Belgian supreme court rules in favour of tenant over hotel in COVID-19 case

Belgium
Available languages: FR, NL

On 13 September 2024, the Belgian Supreme Court ruled that a tenant of a hotel building is entitled to a rent reduction for the loss of enjoyment resulting from government measures to combat the COVID-19 pandemic. The Supreme Court applied the force majeure doctrine (Article 1722 of the old Civil Code), even though physical access to hotels was never prohibited by the government.

An appeals judge ruled that COVID-19 measures constituted force majeure, preventing the landlord during the period of restrictions to comply with its obligation to provide the tenant with peaceful enjoyment of the hotel. For that period, the court decided that the tenant is entitled to a rent reduction proportional to the loss of enjoyment.

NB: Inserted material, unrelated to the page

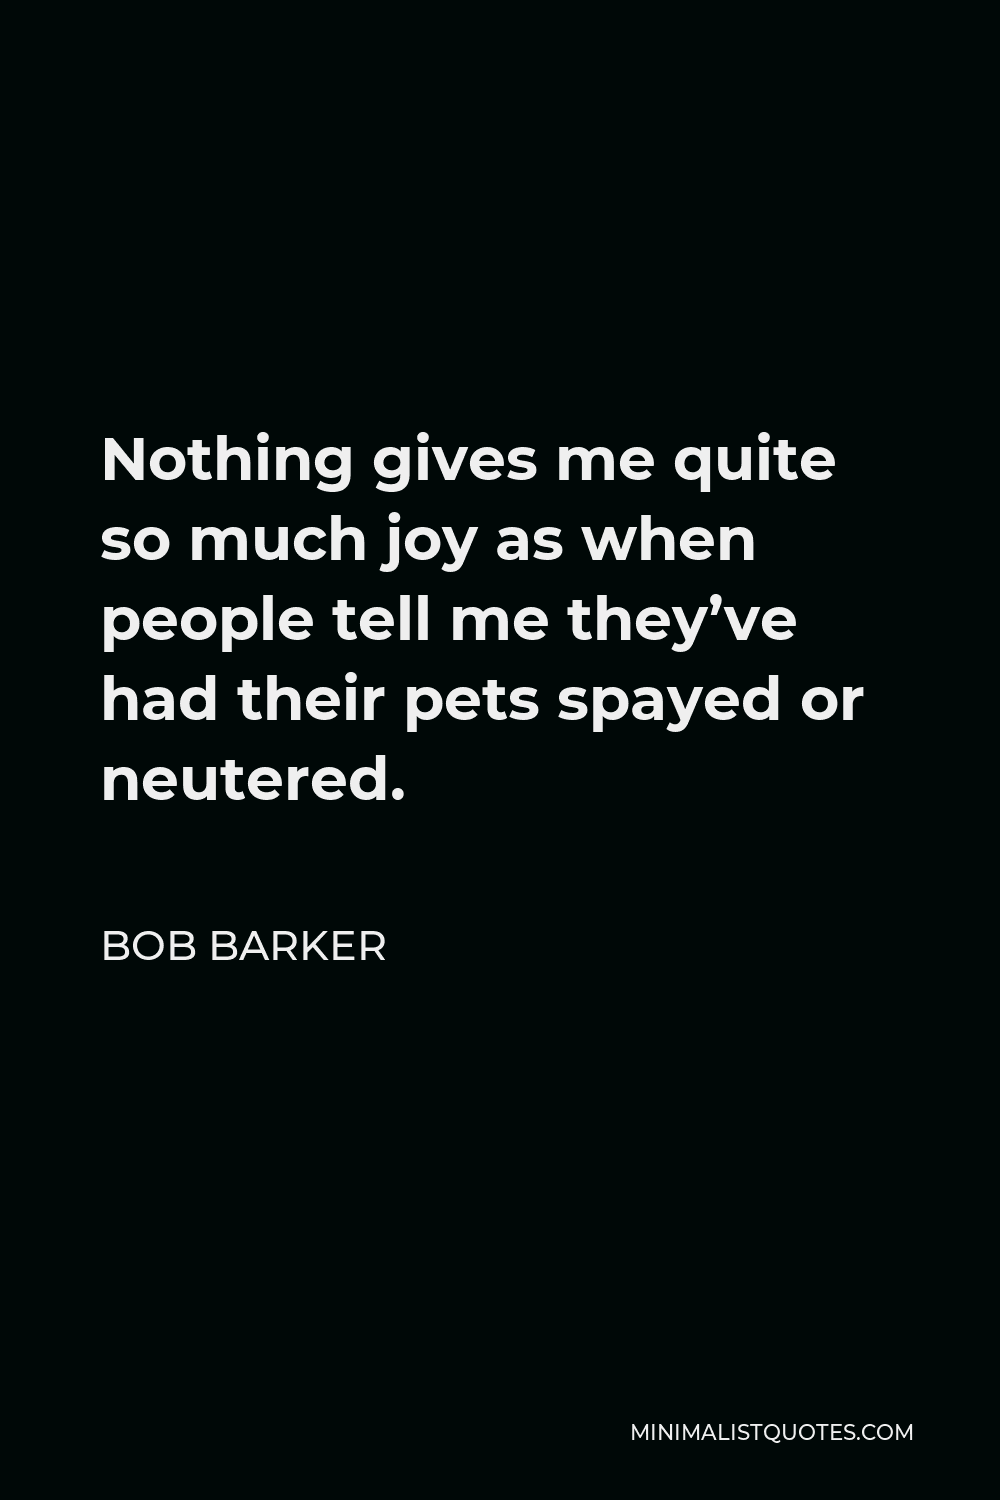 Bob Barker Quote - Nothing gives me quite so much joy as when people tell me they’ve had their pets spayed or neutered.

The landlord appealed this decision to the Supreme Court. According to the landlord, there was no lack of enjoyment because public access to the hotel was still allowed. Although the hotel sector was significantly affected by the pandemic, hotel operations were not prohibited by government measures. The landlord argued that the appeal judge could not legally conclude that the landlord was unable to provide peaceful enjoyment due to force majeure.

The Supreme Court rejected the landlord’s argument and upheld the decision of the appeals judge. This was the first time the Supreme Court rules whether COVID-19 measures can be considered force majeure for the hotel sector.

In previous case-law, the Supreme Court confirmed that Article 1722 of the old Civil Code applies to the mandatory closure of the retail sector (i.e. the lockdown of non-essential businesses). The Court now rules that the application of the “risk theory” does not require that public access to commercial space be made impossible due to governmental measures.